O Anja, du Glückliche – du bist wenigstens schon tot!
    Als es vorbei ist und ich in unser Zimmer zurückhumple, setzt sich Olena zu mir aufs Bett und streicht mir übers Haar. »Du musst jetzt etwas essen«, sagt sie.
    Ich schüttle den Kopf. »Ich will nur sterben.«
    »Wenn du stirbst, haben sie gewonnen. Wir dürfen sie nicht gewinnen lassen.«
    »Sie haben schon gewonnen.« Ich drehe mich auf die Seite und ziehe die Knie an die Brust, rolle mich zu einem festen Knäuel zusammen, das nichts und niemand durchdringen kann. »Sie haben schon gewonnen …«
    »Mila, sieh mich an. Glaubst du, dass ich aufgegeben habe? Glaubst du, dass ich schon tot bin?«
    Ich wische mir die Tränen aus dem Gesicht. »Ich bin nicht so stark wie du.«
    »Es ist nicht die Stärke, Mila. Es ist der Hass. Er ist es, der dich am Leben hält.« Sie beugt sich über mich, und ihre langen Haare sind ein Wasserfall aus schwarzer Seide. Was ich in ihren Augen sehe, macht mir Angst. Ein Feuer brennt darin. Sie ist nicht ganz bei Sinnen. So hält sich Olena am Leben: mit Drogen und Wahnsinn.

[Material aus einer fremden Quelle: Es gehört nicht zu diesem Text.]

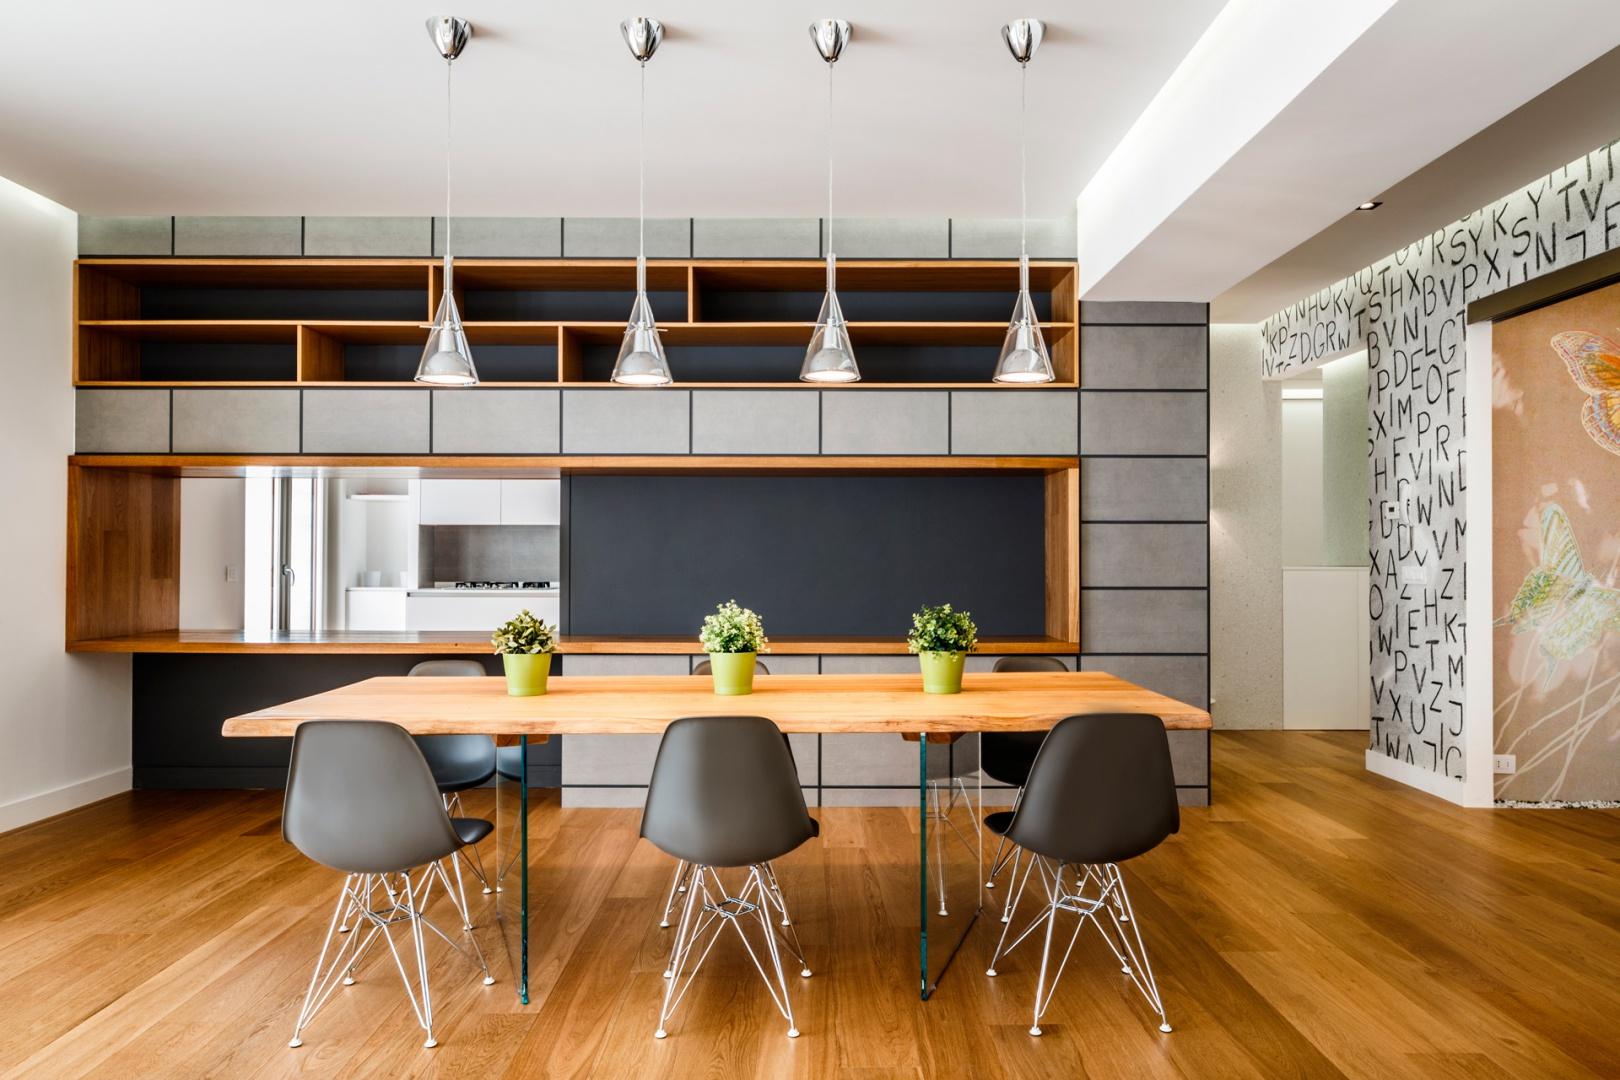 Stół jadalniany może pomieścić aż 8 osób. Towarzyszą mu modne, eamesowskie krzesła. Projekt i zdjęcia: Marco Marotto, Paola Oliva, Brain Factory.

    Die Tür geht wieder auf, und wir weichen alle ängstlich zurück, als die Mutter sich im Zimmer umsieht. Sie deutet auf eines der Mädchen. »Du, Katya. Der da ist für dich.«
    Katya starrt sie nur an und rührt sich nicht vom Fleck.
    Mit zwei Schritten ist die Mutter bei ihr und versetzt ihr eine Ohrfeige. »Geh«, befiehlt sie, und Katya stolpert aus dem Zimmer. Die Mutter schließt die Tür ab.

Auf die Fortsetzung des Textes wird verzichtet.